I am sorry this is so long, but I feel is one of the things people against health care reform fail to see. Your thoughts?
What Happens Now, After Health Insurance Industry Refuses to Stop Cutting the Sick?
June 17, 2009 by archrone
Apparently, nothing much.
Let’s back up, a moment. Health insurers have been regularly cutting policy holders from their rolls that have been diagnosed with such diseases as breast cancer, lymphoma, and a multitude of other ailments. This act of cutting the sick from coverage rolls is called, in the industry, recission. And, some in congress have been investigating health insurers recission practices.
So, it should come as no surprise that yesterday, in congressional hearings, three main insurers told congresscritters that they have no intention of stopping their receission practices.
Executives of three of the nation’s largest health insurers told federal lawmakers in Washington on Tuesday that they would continue canceling medical coverage for some sick policyholders, despite withering criticism from Republican and Democratic members of Congress who decried the practice as unfair and abusive.
The hearing on the controversial action known as rescission, which has left thousands of Americans burdened with costly medical bills despite paying insurance premiums, began a day after President Obama outlined his proposals for revamping the nation’s healthcare system.
An investigation by the House Subcommittee on Oversight and Investigations showed that health insurers WellPoint Inc., UnitedHealth Group and Assurant Inc. canceled the coverage of more than 20,000 people, allowing the companies to avoid paying more than $300 million in medical claims over a five-year period.
Now, our congresscritters are trying to get these insurers to agree to only cutting folks from their rolls when the person applying for health insurance gives fraudulent information in order to get that insurance.
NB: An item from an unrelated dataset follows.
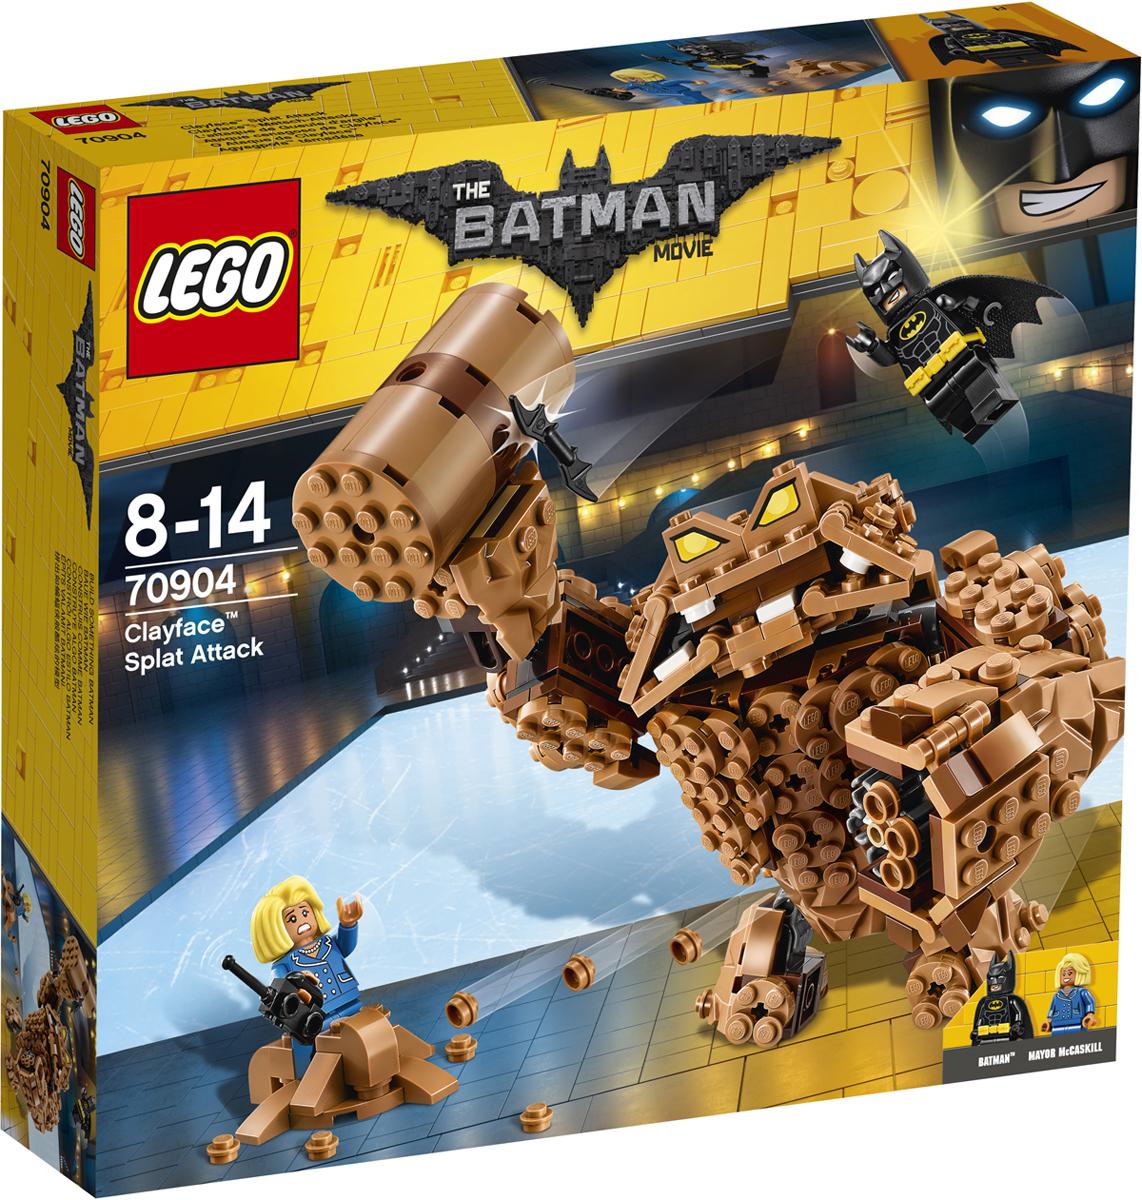 LEGO Batman Movie Конструктор Атака Глиноликого 7090470904Глиноликий ворвался на вечеринку по случаю ухода на пенсию комиссара Гордона и стреляет глиной направо и налево. Вместе с Бэтменом спеши на место преступления и встреться с суперзлодеем лицом к лицу. Но будь осторожен: Глиноликий вооружен шестизарядным скорострельным шипометом и молотом из глины. Уклоняйся от ударов молота и глиняных снарядов и дерись с помощью бэтаранга. Освободи мэра Мак-Каскила из глиняного плена и доставь ее в безопасное место.
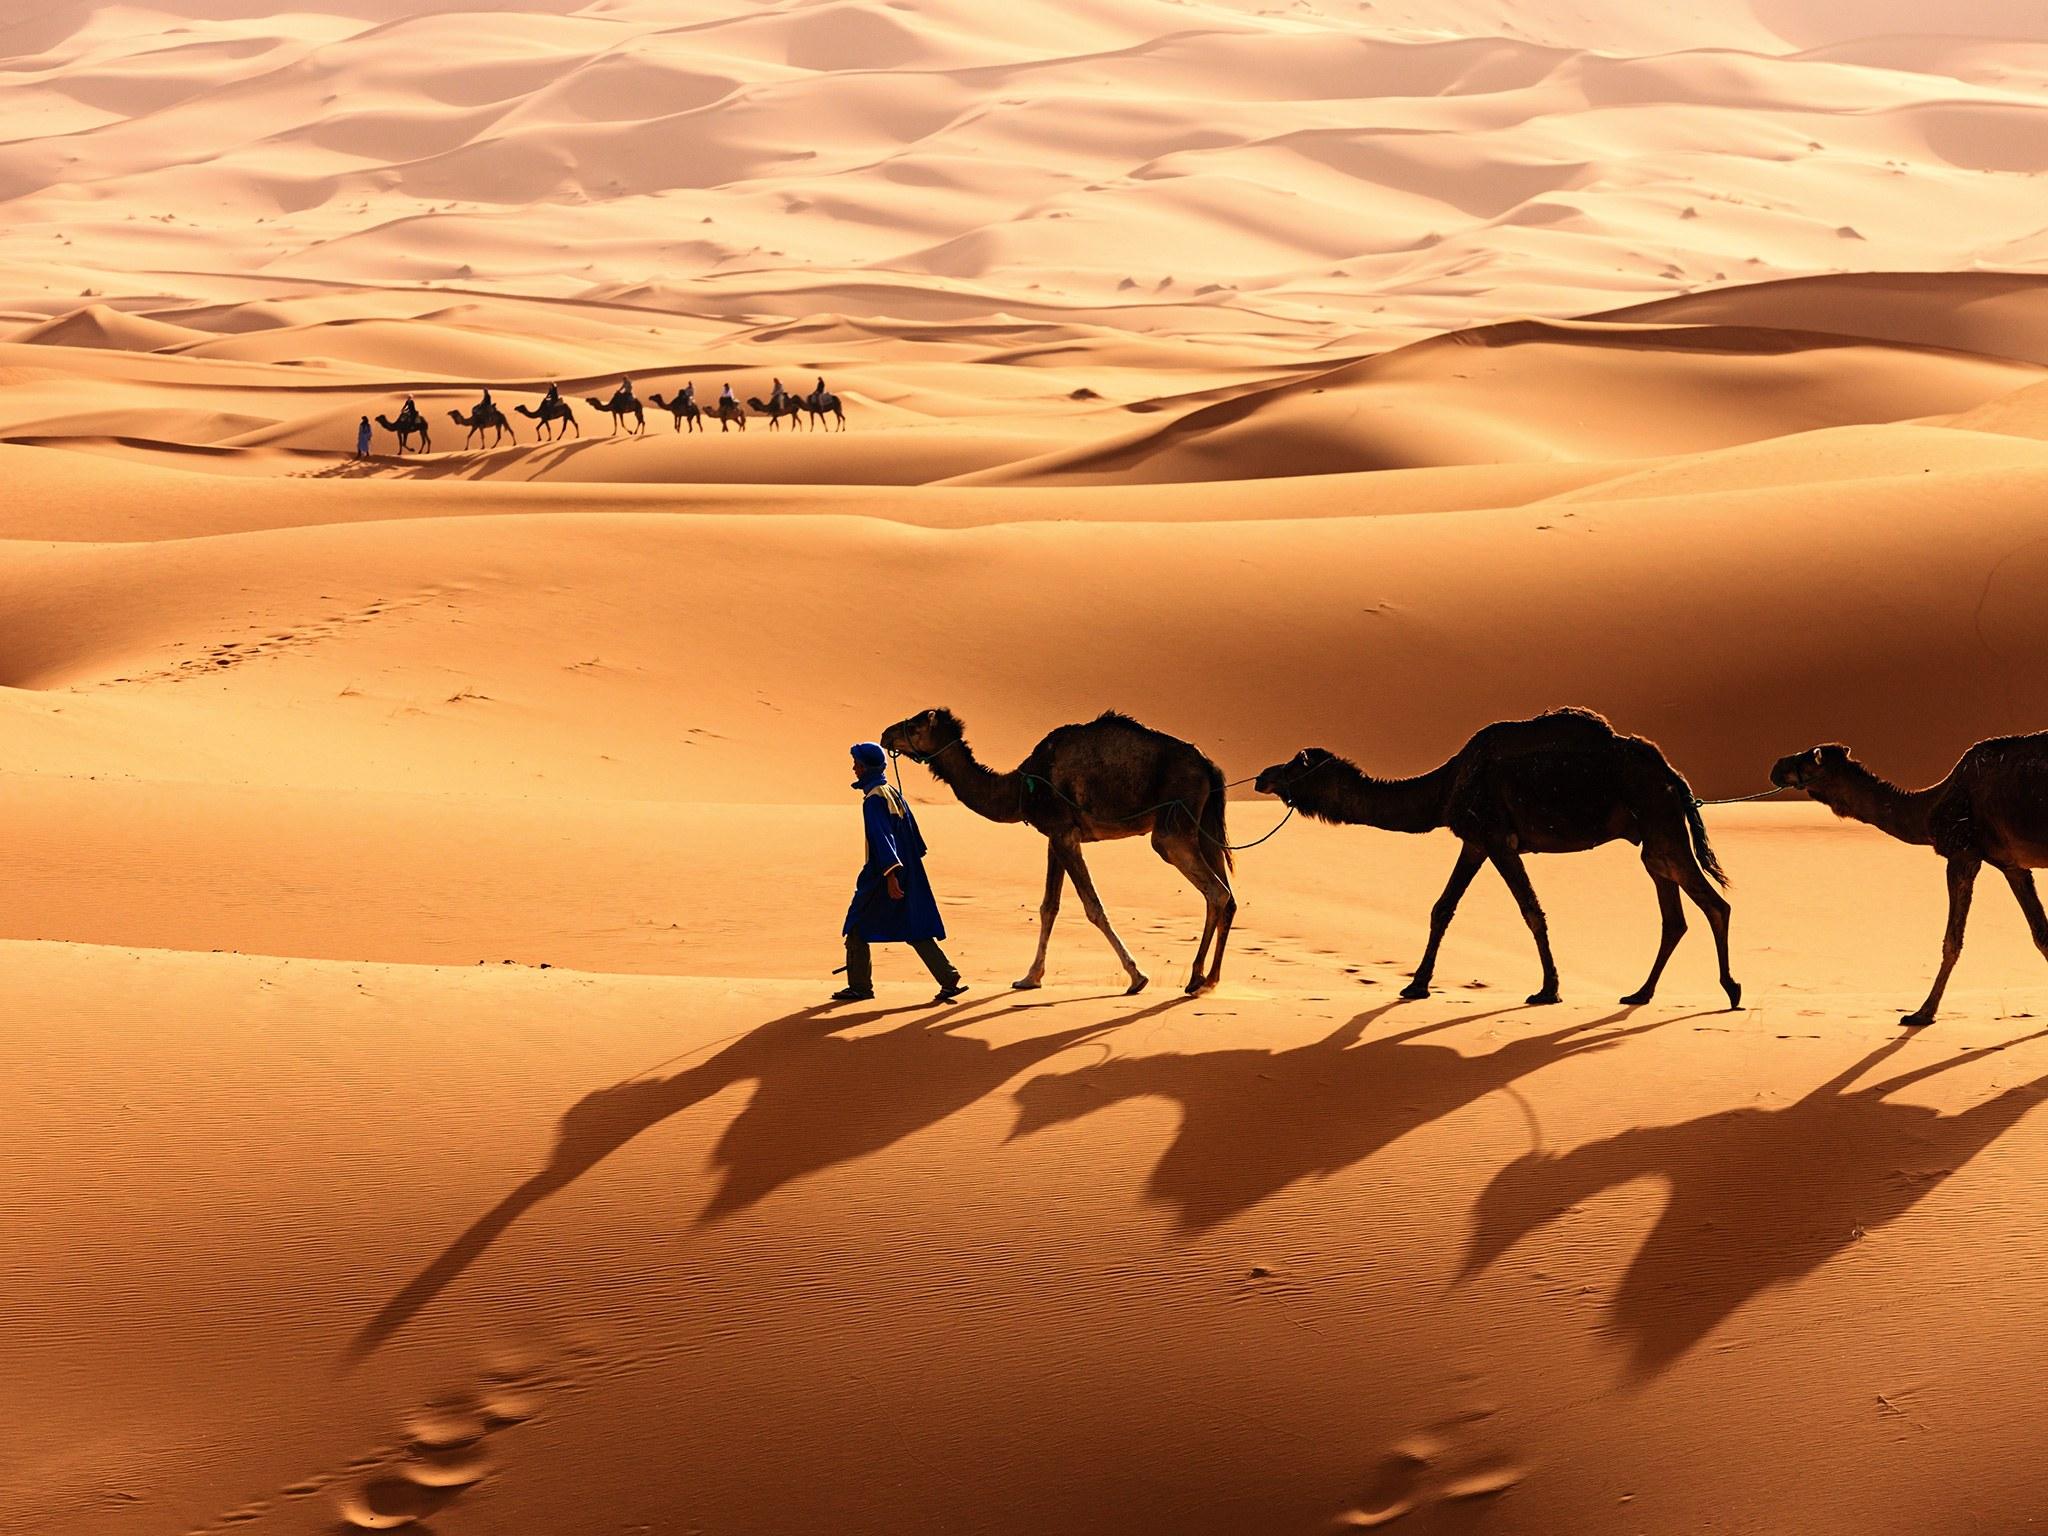 просто, постер пустыня и верблюды и люди будете просто жарить

But, the health insurance companies are having none of that. In fact, they have every intention of continuing dropping the sick from their rolls. Why would the sick get recinded?
A Texas nurse said she lost her coverage, after she was diagnosed with aggressive breast cancer, for failing to disclose a visit to a dermatologist for acne.
The sister of an Illinois man who died of lymphoma said his policy was rescinded for the failure to report a possible aneurysm and gallstones that his physician noted in his chart but did not discuss with him.
But, these actions are not just the fault of policy holders. These insurance companies praise workers that find ways to drop sick policy holders. And, not just sick policy holders, but pregnant policy holders as well.
Recission is an ugly practice, and one that the insurers agressively follow. If they didn’t follow that, why in the world would their workers be praised in preformance reviews for cancelling thousands of policies?
The committee’s investigation found that WellPoint’s Blue Cross targeted individuals with more than 1,400 conditions, including breast cancer, lymphoma, pregnancy and high blood pressure. And the committee obtained documents that showed Blue Cross supervisors praised employees in performance reviews for rescinding policies.
One employee, for instance, received a perfect 5 for “exceptional performance” on an evaluation that noted the employee’s role in dropping thousands of policyholders and avoiding nearly $10 million worth of medical care.
As it stands, the insurance companies have no incentive to stop this rescission practice, as they have no incentive to curtail costs. These are businesses where their main concern is profit, profit, and more profit. These companies are NOT in the business to help you, no matter what PR campaign they come up with to sway you to believe otherwise.
Last week, I noted a post over at Knoxviews which pointed out the president of BCBSofTN getting a salary boost, and I have a feeling recission plays a part in his salary. At the very least, a public-option must be part of the health care reform being played out in Washington as I type. Unfortunately, a public option that will be available to people that were cut from insurers, as well as the current uninsured isn’t going so well.
Perhaps most important, Obama has not yet demonstrated how hard he’s prepared to fight for the so-called “public option”—a government-run alternative to private insurance—or what such a reform might entail. At the AMA, Obama reiterated his position that one of the choices available to Americans “needs to be a public option.” But could this position be a straw man, set up only to be knocked down? The public plan has certainly served as a panacea to single-payer advocates and other critics of medicine for profit, including important Democratic constituencies like labor unions. One health care advocate told me that the speculation around town was that the administration could eventually abandon the public option in order to win bigger concessions from its opponents.
So, what plan would cover those that the greedy insurance companies have rescinded? Single payer would begin to take health care out of the so-called free market system, that has failed so miserably. It would be a stop-gap measure that would cover those that have been rescinded for some ridiculous reason by the for-profit insurance companies. As a single payer system is not even being discussed, the next best option is a public option, and as Ridgeway notes, even a public option has little chance of being affordable, equitable and available for the people that need the coverage the most. And this, folks, is one of the saddest commentaries about our current health care system.